The ML domain is constantly growing, and it is not possible to cover all of the algorithms in a single article. The multidisciplinary nature of ML was the most challenging difficulty to overcome in this review. However, the contributions of co-authors allowed the search to be limited to widely-used AI methodologies.
2. Methodology
This work corresponds to an extensive review of the literature published of the recent advances in methodological proposals that contribute to developing the AI concept supported by ML technology. The methodology used for this literature review was content analysis; a valid technique for the study of scientific documents [
32], used to: identify, classify, and analyze services in smart cities [
33], study advances in nanotechnology applied to innovative packaging [
34], propose a conceptual framework for strategic management [
35], and analyze reverse-logistics models aimed at solid waste management [
36,
37,
38].
This review identifies and analyzes research that proposes new AI methods emerging as reliable and efficient tools in data management. The development of the proposed methodology provides technical background on the indicated methods and knowledge on using these algorithms for data management problems. AI methodological developments for BD processing as a solution for data management were used by Allam and Dhunny [
39] to propose a framework that regulates and formulates BD processing policies through AI and ML aimed at the smart city concept.

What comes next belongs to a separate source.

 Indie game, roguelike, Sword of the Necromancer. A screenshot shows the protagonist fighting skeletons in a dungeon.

Using the same methodology, Henrique et al. [
40] analyzed different ML methods and techniques to predict financial market values, resulting in a bibliographic review of the most critical studies on this topic. Likewise, van Klompenburg et al. [
41] used it to extract and synthesize ML algorithms used in predictive studies of agricultural crop yield.
This study is divided into categories, groups, and subgroups. The categories are represented by the 12 proposed emerging AI technologies. The groups constitute the four AI techniques represented in the ML domain. Each group contains the methodological contributions (subgroups) that illustrate some of the most outstanding algorithms used in the ML, identifying their degree of development through the investigations.

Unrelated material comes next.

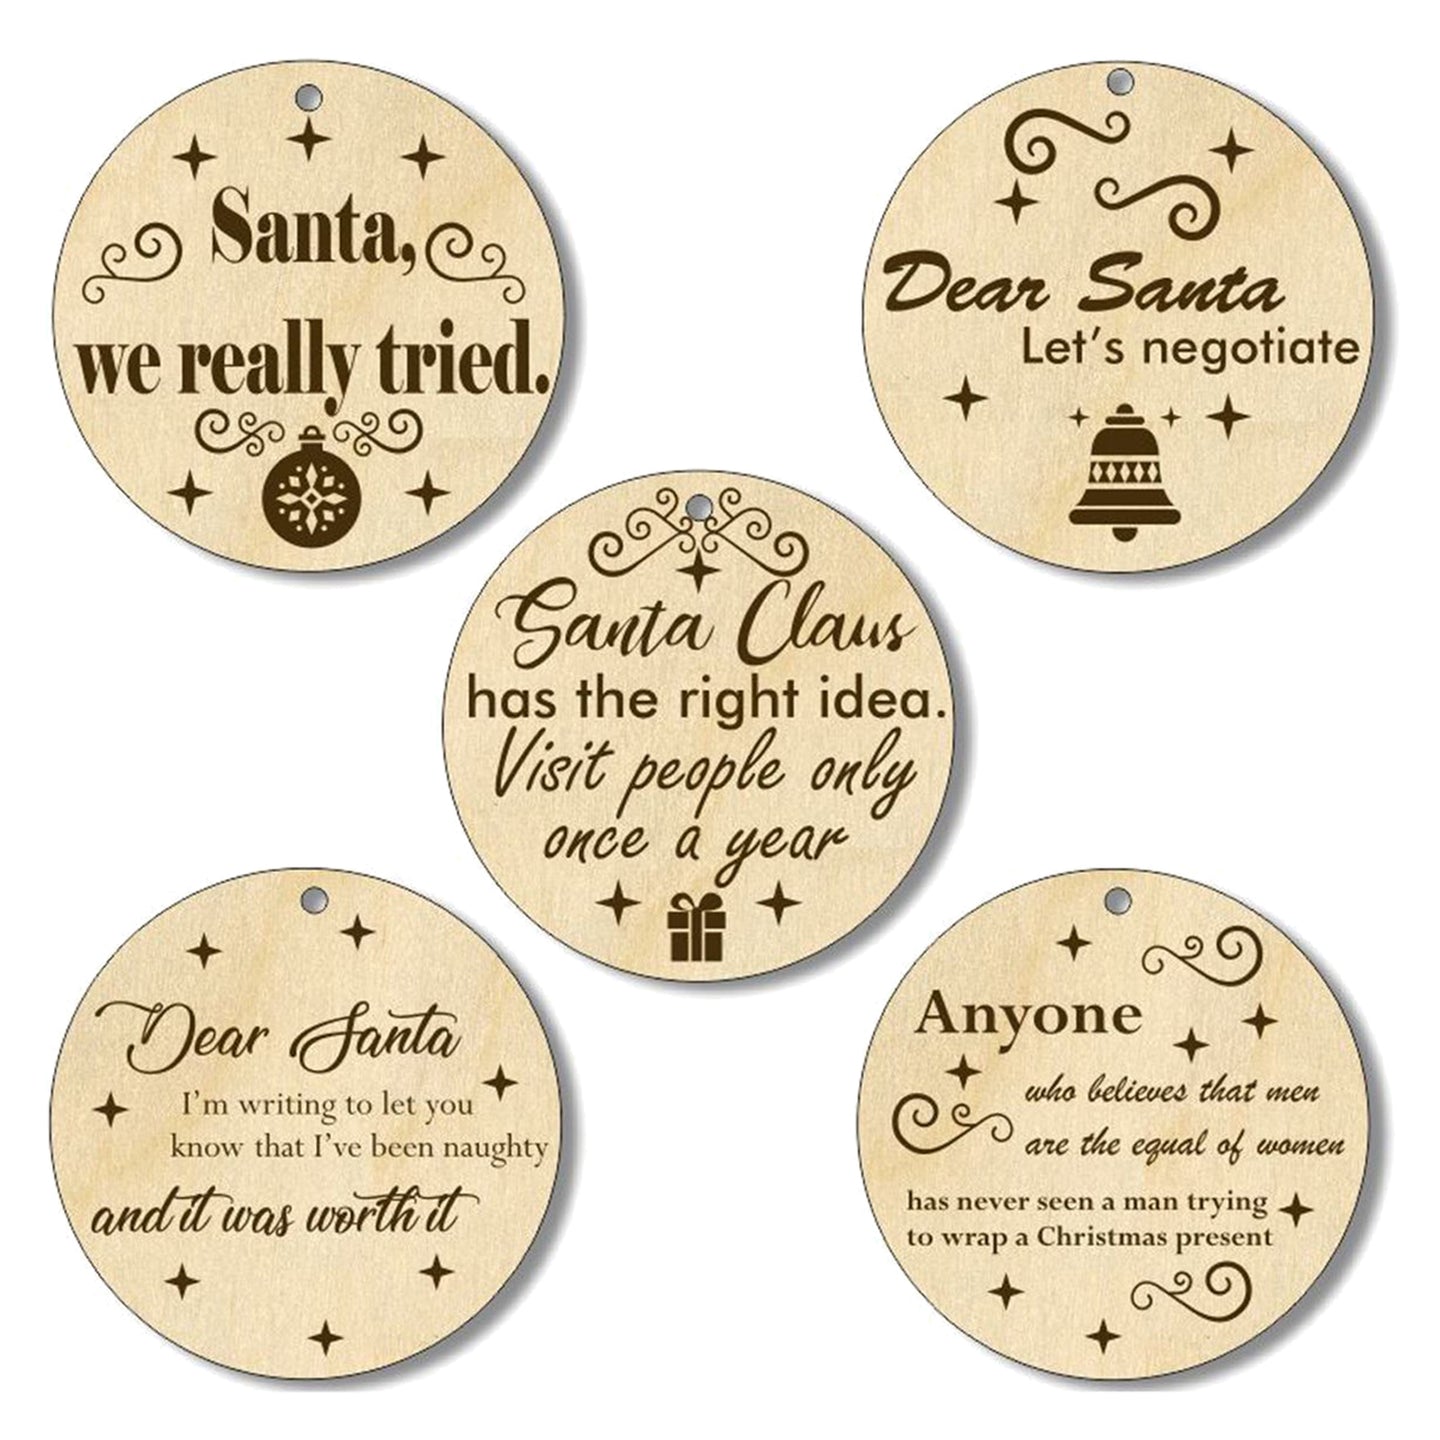 Christmas toys with quotes

In this work, a systematic review of the scientific literature published between the years 2017 and 2021 has been carried out. For its preparation, the guidelines of the PRISMA statement [
42,
43] have been followed.
Figure 2 summarizes the proposed PRISMA methodology. The systematic search was carried out with the Google Scholar search engine using the WOS and Scopus digital platforms, mainly databases, such as Springer Link, EmeraldInsight, Science Direct, Wiley Online Library, Taylor & Francis Group, and IEEE Xplore Digital Library. The keywords used were machine learning, data management, BD, and artificial intelligence.
In addition, to choose an article, two types of quality measures were mainly considered: journal impact factor (JIF) and journal citation indicator (JCI), while not being excluding factors (
Table S1). Initially, we reviewed about 4000 publications in scientific journals, identifying 883 articles for the first step. For the second step, the studies were selected by reviewing the most relevant titles. Subsequently, in the third step, the summaries were read. After the final choice (reading the abstracts), in the fourth and last step, we read the complete publication. Then, the articles were reviewed in terms of the inclusion criteria: (1) scientific studies that are part of the WOS and SCOPUS digital platforms; (2) which propose methodological solutions for data collection and management; (3) that in the context of methodological advance, the conceptual bias is studied; (4) that develop comparisons between the solution methods and results obtained; and (5) that have been published between the years 2017 and 2021. The exclusion criteria were: (1) data collection and management capacity, (2) research domain, (3) results obtained, and (4) AI methodology used.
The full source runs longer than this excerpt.